Under strict maternal inheritance, mutations causing loss of male functions are likely to be neutral or beneficial to female fitness and thus can increase mitochondrial transmission to future generations (Lewis, 1942; Greiner et al., 2014). Cytoplasmic male sterility (CMS) polymorphisms can therefore be established (Chase, 2007), and are known in many plant species (reviewed by Schnable and Wise, 1998). The CMS mutant phenotype can be negated by nuclear ‘restorer’ alleles; within a species, appearance of a restorer can result in a return to hermaphroditism or lead to long-term gynodioecy with male sterile (female) and hermaphroditic individuals coexisting within populations (Lewis, 1942; Gouyon et al., 1991; Chase, 2007; Touzet and Delph, 2009). Paternal leakage, causing mitochondrial heteroplasmy, can influence the evolution of CMS in two ways: it allows selection on mitochondrial effects on male fitness (Frank, 1989) and can potentially restore male function in the offspring of a CMS mother plant, thereby increasing nuclear gene fitness (Andersson-Ceplitis and Bengtsson, 2002; McCauley, 2013). In the latter case, genotypes that lead to heteroplasmy would be predicted to be favored in populations where rates of nuclear restoration are low. However, little is currently known about the natural incidence of mitochondrial heteroplasmy and its role in the evolution and maintenance of CMS.

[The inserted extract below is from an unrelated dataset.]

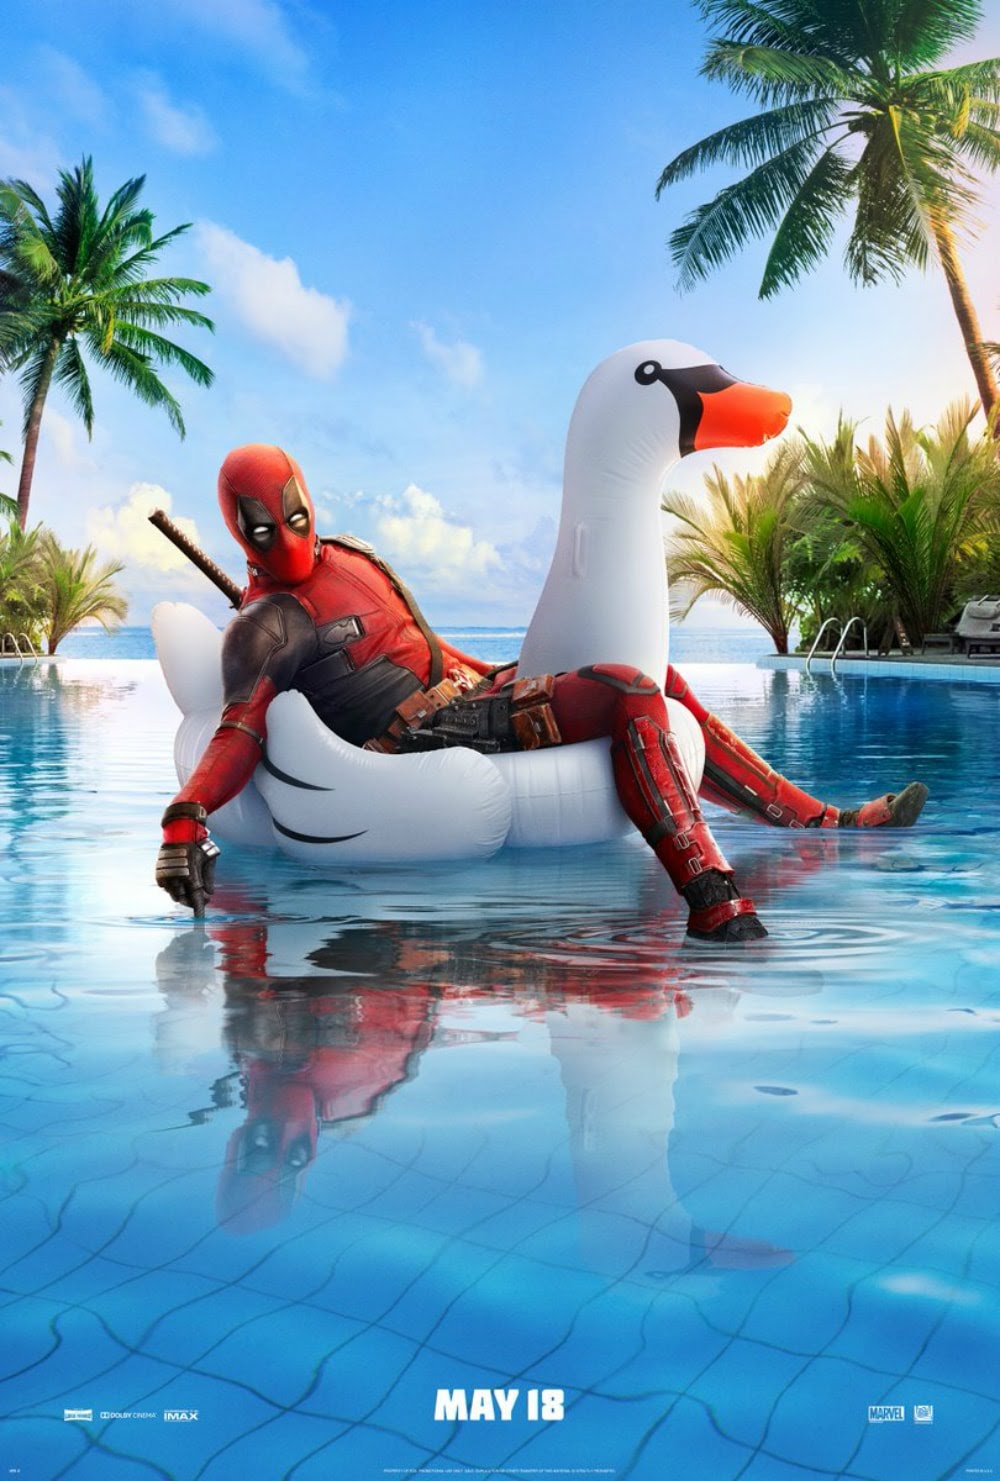 Deadpool Enjoys A Pool Party 夏だ プールだ デッドプールに出かけよう デッドプール 2 が デッドプールがプールでチルアウトのダジャレみたいなプールのポスターをリリース B Side Of Cia
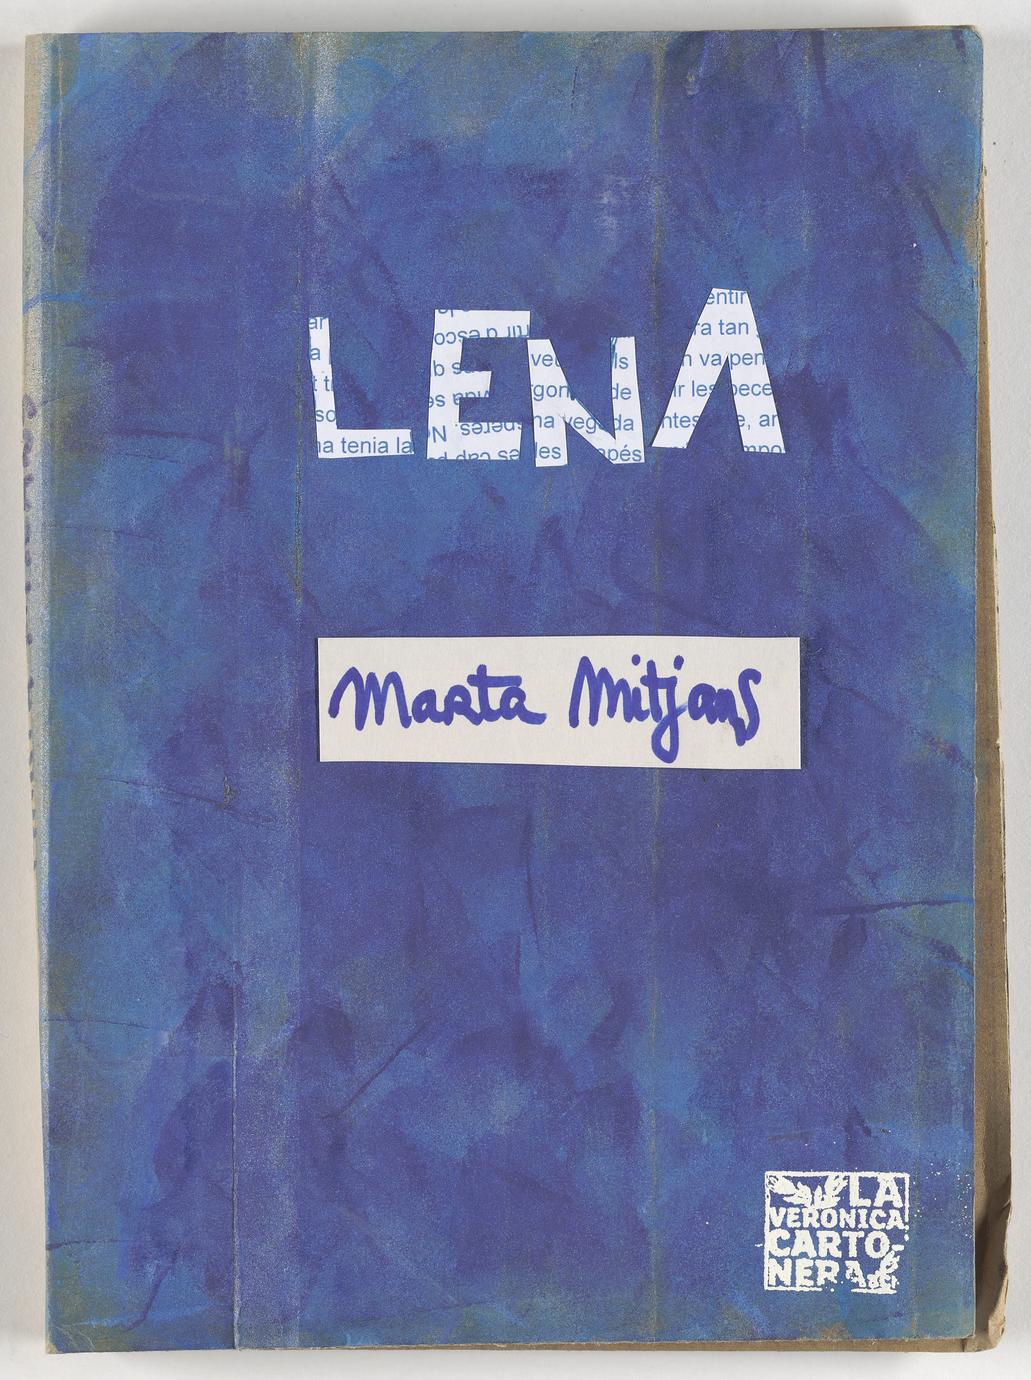 Lena (1 of 3)

We therefore conducted a survey of mitochondrial sequence variants throughout Western Europe in order to estimate frequencies of polymorphism in natural populations of a gynodioecious flowering plant, ribwort plantain (Plantago lanceolata), and test for heteroplasmy that has not previously been examined in the species. By combining analyses of sequences with information on sex phenotypes, we also tested whether heteroplasmy is more common in gynodioecious P. lanceolata lacking restorers of male fertility than in populations with restorers.

Materials and methods

Study system

P. lanceolata is a herbaceous flowering plant with a worldwide distribution. The species is obligately outcrossing because of self-incompatibility, and populations are usually gynodioecious (Ross, 1973). Controlled crossing experiments have demonstrated cytonuclear control of sex phenotypes in P. lanceolata; three CMS types were identified, with evidence that mitochondrial genotypes differ between them (Van Damme and Van Delden, 1982). Alleles that restore male fertility in the presence of specific CMS types are found at multiple nuclear loci, and interact epistatically (de Haan et al., 1997a). The estimated frequency of male restorer alleles varies among populations and CMS types, being lowest for CMS type-1 (de Haan et al., 1997a).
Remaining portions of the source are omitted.